Write out nothing but the lines from the one containing "Blur abstract photo" through the last line below, both included, and without the pictures.

──────── SOURCE MATERIAL ────────

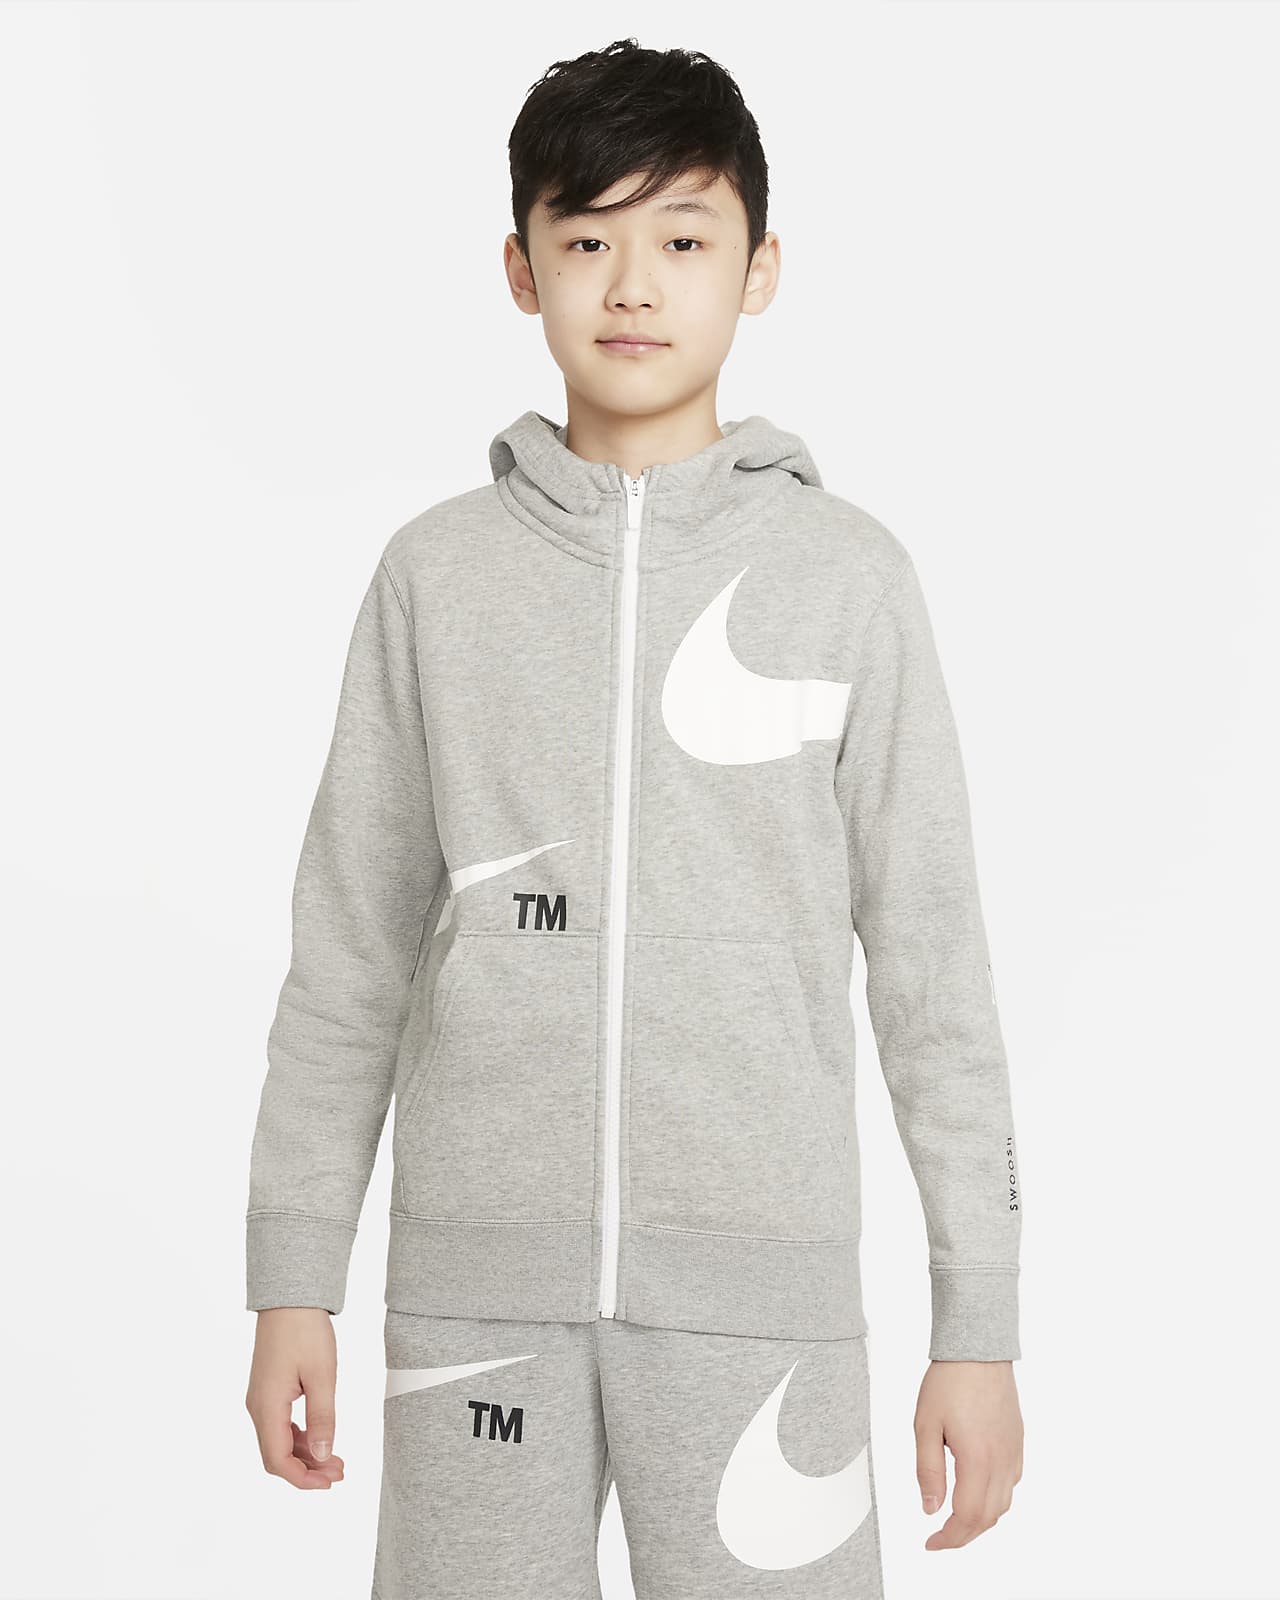 Nike Sportswear Swoosh Older Kids' (Boys') Fleece Full-Zip Hoodie
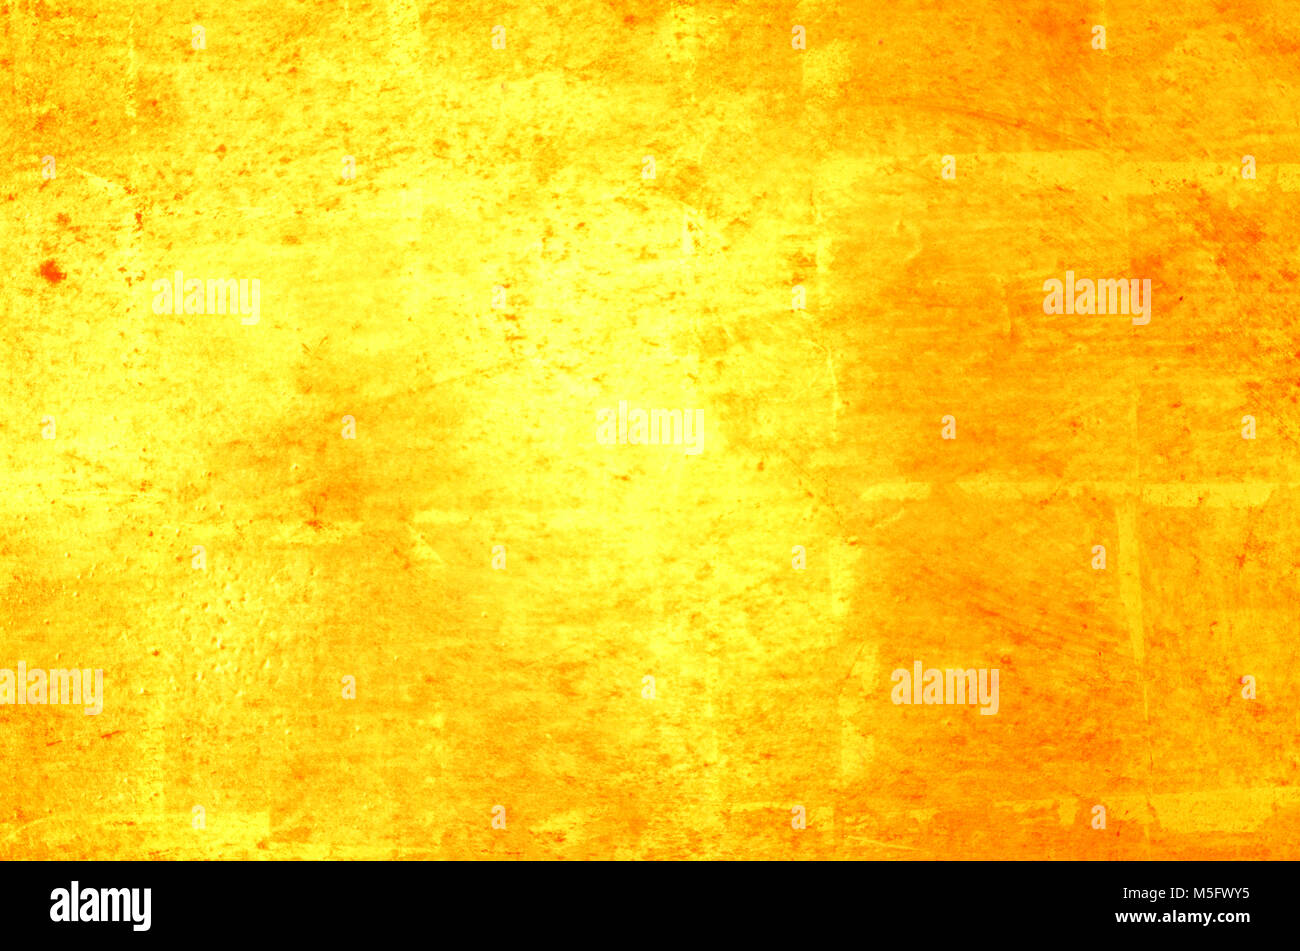 Blur abstract photo image de couleur or brillant reflètent la lumière d'une paroi métallique couleur or qui couvrent à la feuille d'aluminium pour vergolden un mur, pouvez utiliser Banque D'Images
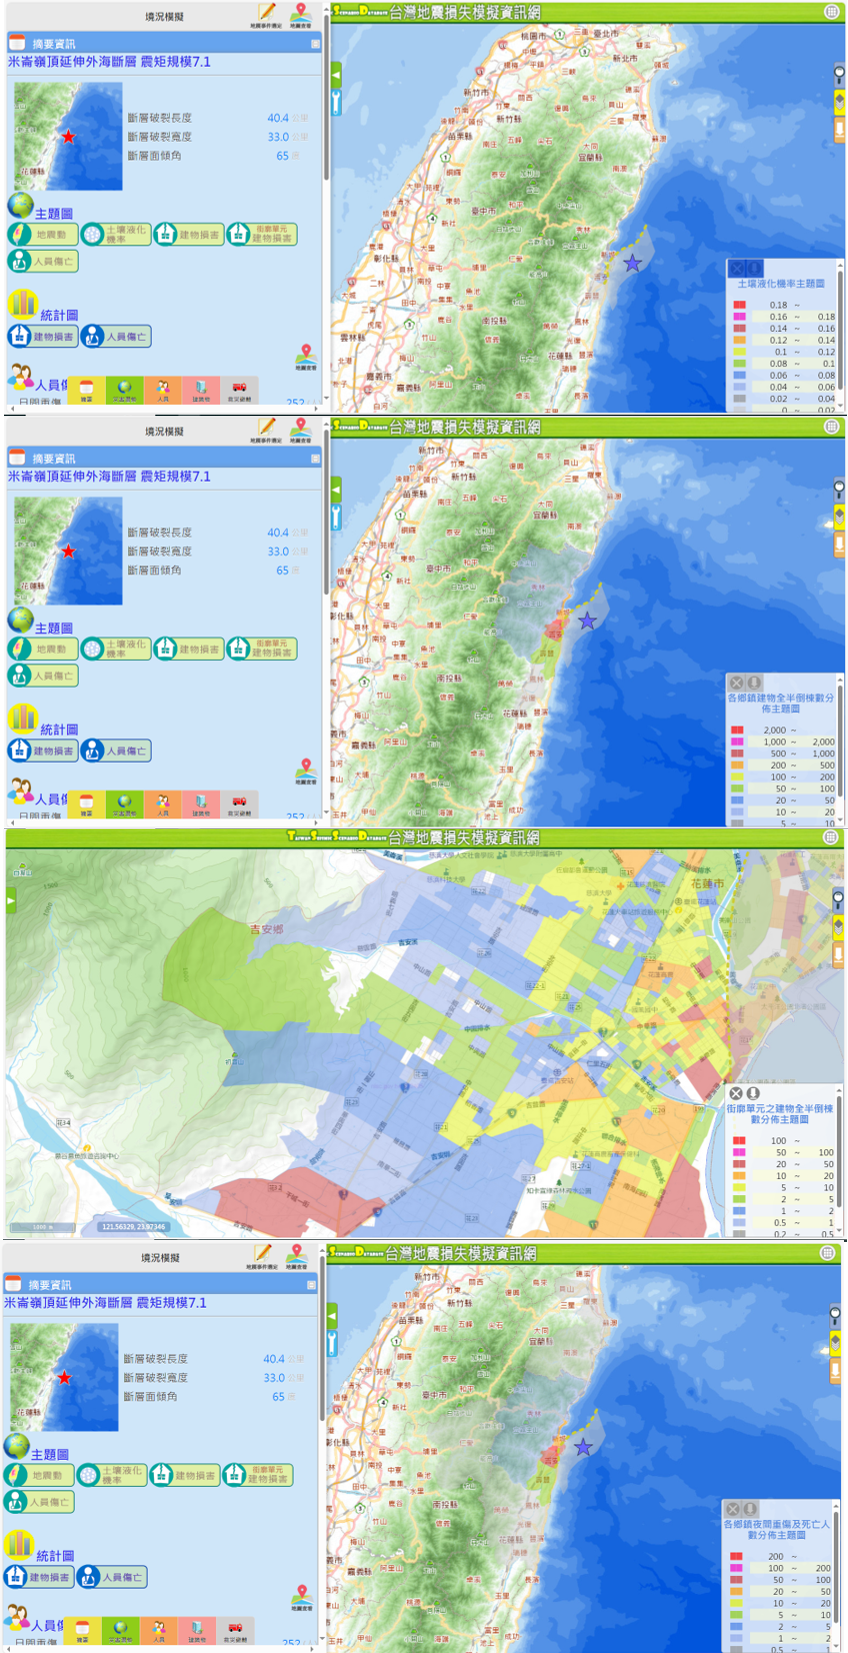 圖十、臺灣地震損失模擬資訊網-0403花蓮地震資訊

────────

**RESULT BELOW:**
 Blur abstract photo image de couleur or brillant reflètent la lumière d'une paroi métallique couleur or qui couvrent à la feuille d'aluminium pour vergolden un mur, pouvez utiliser Banque D'Images
 圖十、臺灣地震損失模擬資訊網-0403花蓮地震資訊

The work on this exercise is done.